Я сосредотачиваю своё внимание на своем пустом стакане. Я обхватываю его обеими руками, чтобы он не видел, как они дрожат. Затем я слышу мягкий хлопок пробки бутылки. Я поднимаю взгляд, мои глаза расширяются от страха. Но сейчас его глаза мягкие, даже немного грустными.
— Выпей ещё, Перси, — мягко говорит он, наполняя стакан. — Мы не должны говорить об этом сейчас.
Я киваю и с благодарностью делаю глубокий вдох.
— Na zdrowie, — говорит он по-польски, прикасаясь своим бокалом к моему и поднося его к губам, ожидая, что я сделаю то же самое. Вместе мы залпом допиваем наши напитки.
В кармане у него жужжит телефон. Это не первый раз, когда он срабатывает сегодня вечером. Он проверяет экран и засовывает его обратно в шорты.
— Тебе нужно ответить? — спрашиваю я, думая о Шанталь и чувствуя укол вины. — Я не возражаю.
— Нет, они могут подождать. Я выключу его, — он поднимает бутылку виски. — Ещё один?
— Почему, черт возьми, нет? — пытаюсь улыбнуться.
Он наливает ещё, а затем обходит бар и садится на табурет рядом со мной.
— Нам, вероятно, следует пить медленнее, — говорит он, наклоняя свой стакан.
Я взъерошиваю пальцами челку, отчасти от нервов, отчасти в надежде придать ей хоть какой-то презентабельный вид.
— Однажды ты поклялась, что больше никогда не будешь стричь челку, — говорит Сэм, искоса глядя на меня.
Я поворачиваюсь на своем сиденье лицом к нему.
— Это, — произношу я, — моя чёлка после расставании!

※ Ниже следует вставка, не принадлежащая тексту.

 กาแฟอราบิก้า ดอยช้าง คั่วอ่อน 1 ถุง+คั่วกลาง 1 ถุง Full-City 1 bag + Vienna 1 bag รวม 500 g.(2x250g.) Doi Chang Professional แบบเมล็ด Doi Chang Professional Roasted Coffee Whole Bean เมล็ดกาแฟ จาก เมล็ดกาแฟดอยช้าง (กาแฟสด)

И, ого, неужели я уже пьяна?
— Твоя что? — спрашивает он, поворачиваясь ко мне лицом с кривой ухмылкой, при этом задевая мои ноги своими.

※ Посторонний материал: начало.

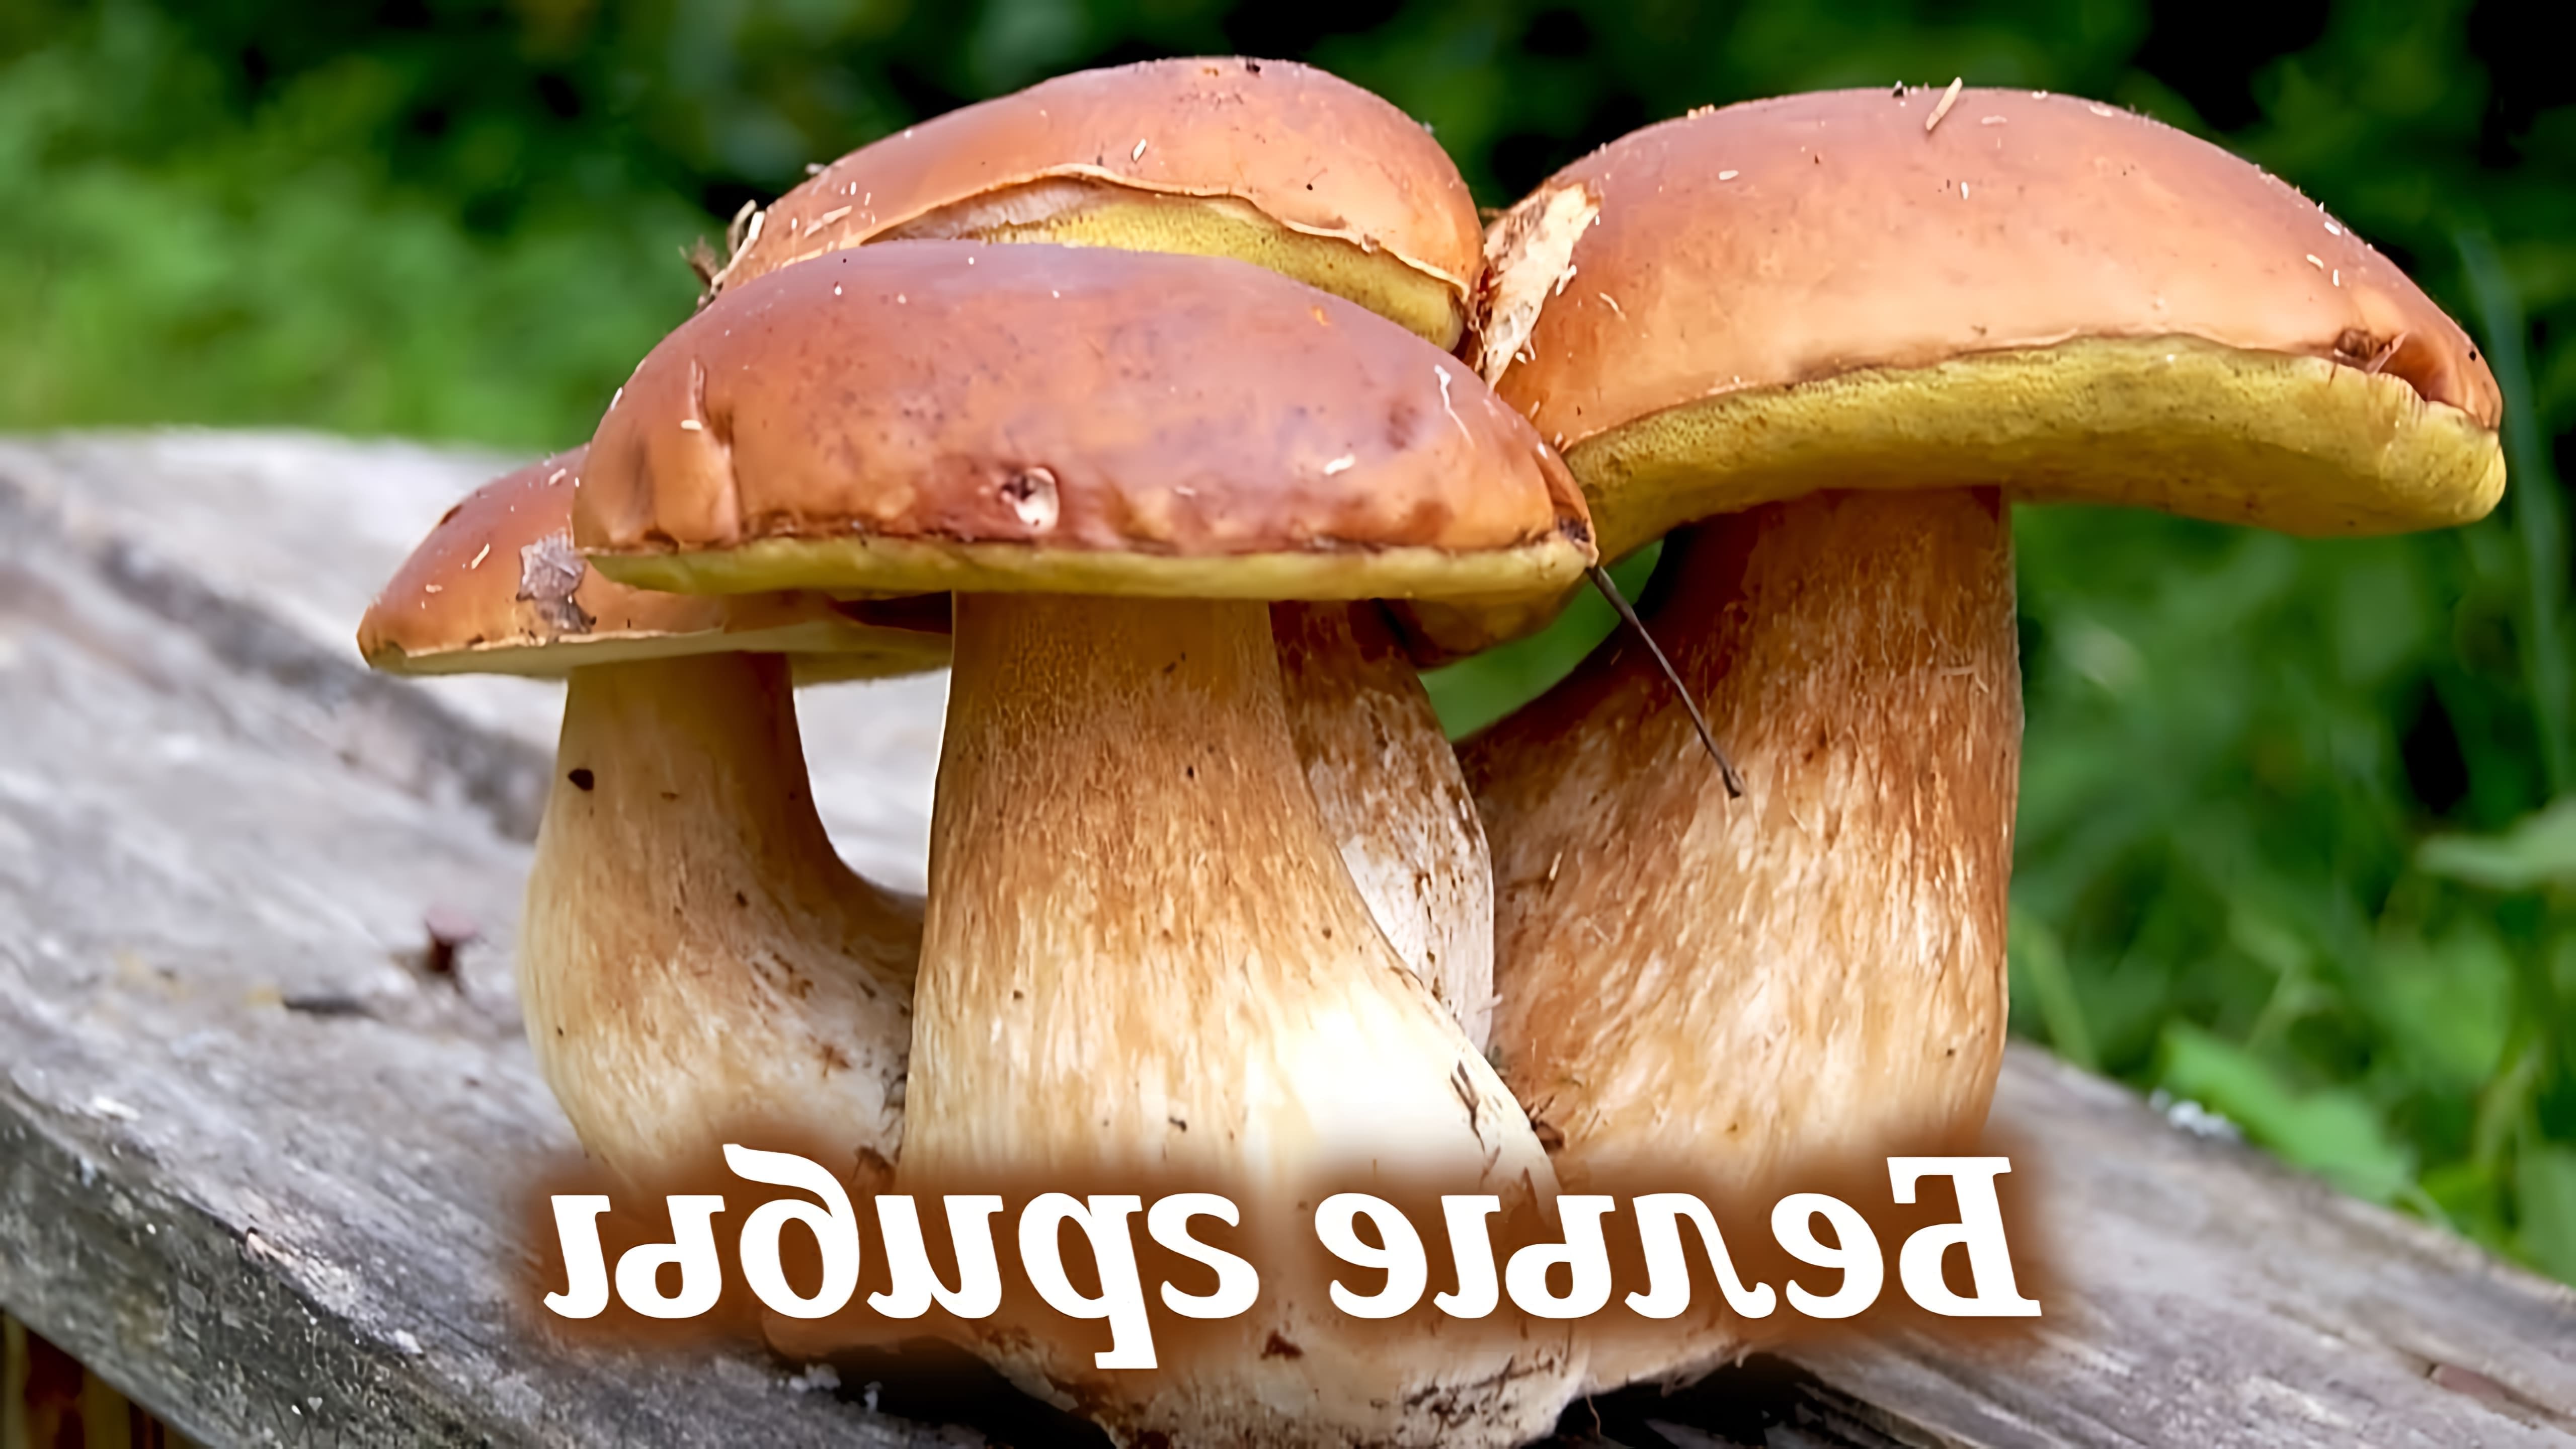 В этом видео рассказывается о том, как и где собирать белые грибы, а также приводится рецепт вкуснейшего блюда с белыми грибами

Я смотрю вниз, где его бедра обхватывают мои, затем быстро возвращаюсь к его лицу.
— Ну, знаешь — челка после расставании, — говорю я, стараясь произносить как можно более четко. Он выглядит озадаченным. — Женщины делают новые прически, когда нас бросают. Или когда мы кого-то бросаем. Или иногда как раз тогда, когда нам нужно начать всё сначала. Челка — это как канун Нового года, но с волосами.
— Понял, — медленно говорит Сэм, и ясно, что он имеет в виду Я ничего не понял, и ещё Это безумие. Но на его губах играет улыбка. Я стараюсь не зацикливаться на маленькой складке посередине его нижней губы. Выпивка и Сэм — опасная комбинация, понимаю я, потому что мои щеки подрумянились, и всё, о чем я могу думать, это о том, как сильно я хочу пососать эту складку.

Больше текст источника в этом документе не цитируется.